Manufacturing has been exempt from closure and it is hard to imagine that COVID-19 has significantly impacted sales of effervescent products.
A July 8 article published by the CT Examiner “A Closer Look at as much as $7.8 Billion in Subsidies to Connecticut Businesses” states that Needleman said that all the rules had been followed. Your readers may recall the significant outrage at restaurant chains such as Shake Shack and Ruth Chris. These firms, unlike Tower Labs, were actually forced to suspend operations and, likewise, followed all the rules.

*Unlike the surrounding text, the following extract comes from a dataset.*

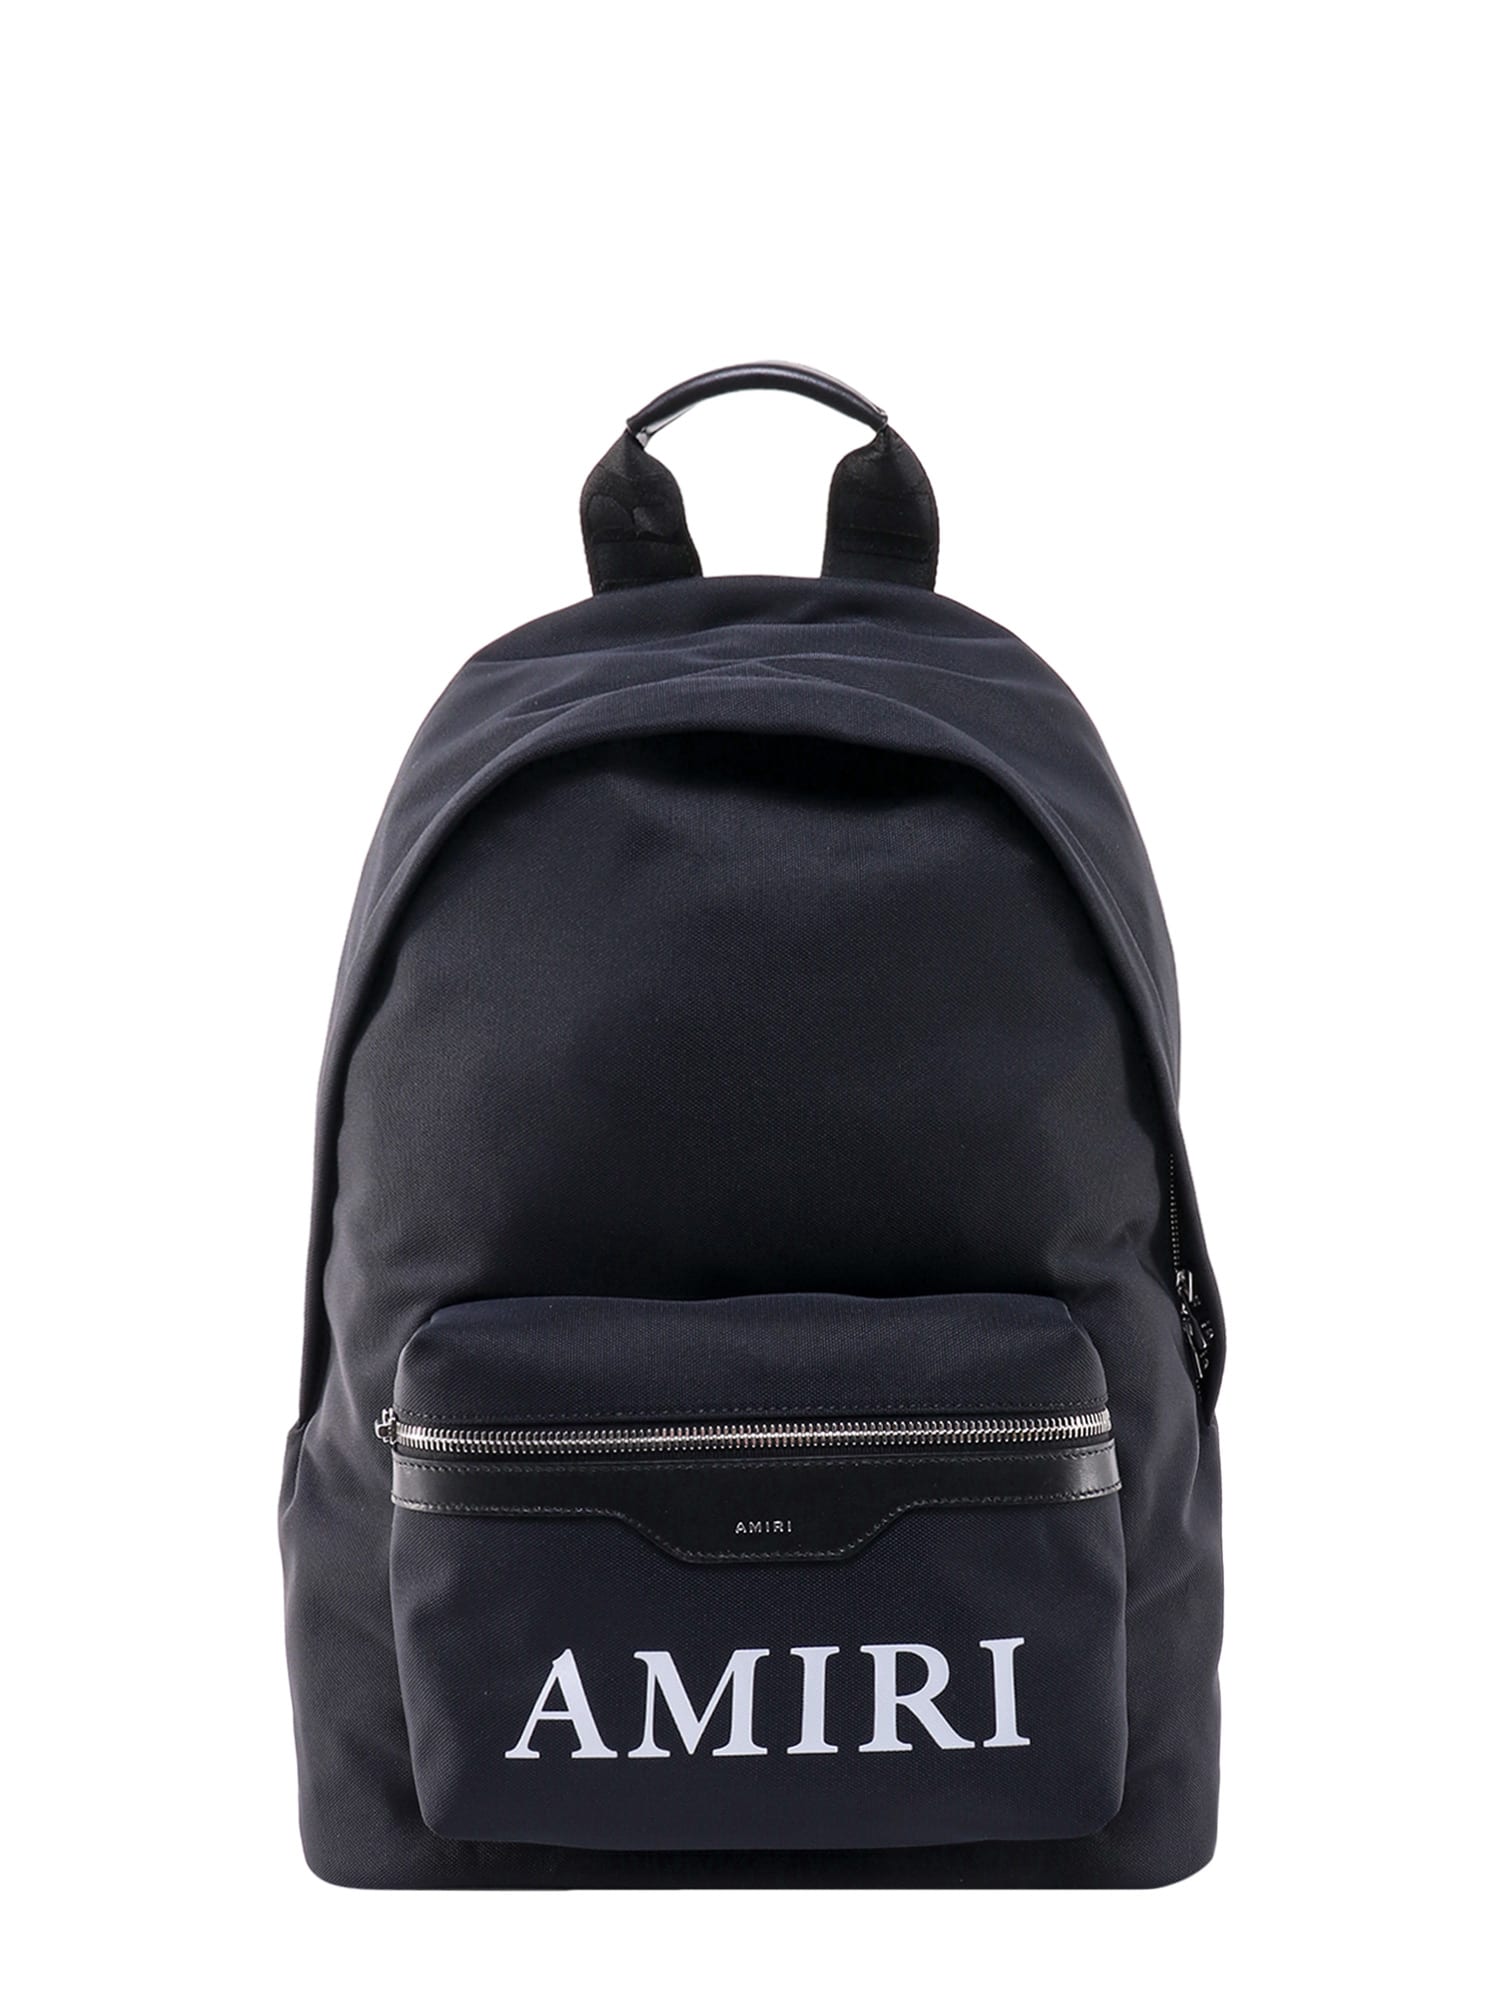 Amiri Backpack In Black

The CT Examiner article states that Needleman also said that he was able to give his hourly employees a $2 an hour raise and that salaried personnel received a five-percent pay increase. Even on the low, $2 million end of the range, the funds should cover the cost of these raises for the next 10 years. Don’t get me wrong, it’s great for those workers, but it does little for the businesses who were turned away after the program ran out of funds. COVID-19 closures aside, lots of business owners would love to give their employees raises, especially if not funded from their own bottom line.
One might also ask why the Needleman could not afford to give raises from his own funds. In 2018 he spent more than $500,000 of his own money to win his senate seat. He’s already deposited $200,000 into his campaign account for 2020.
Money is fungible; taxpayers deserve a full accounting from Needleman.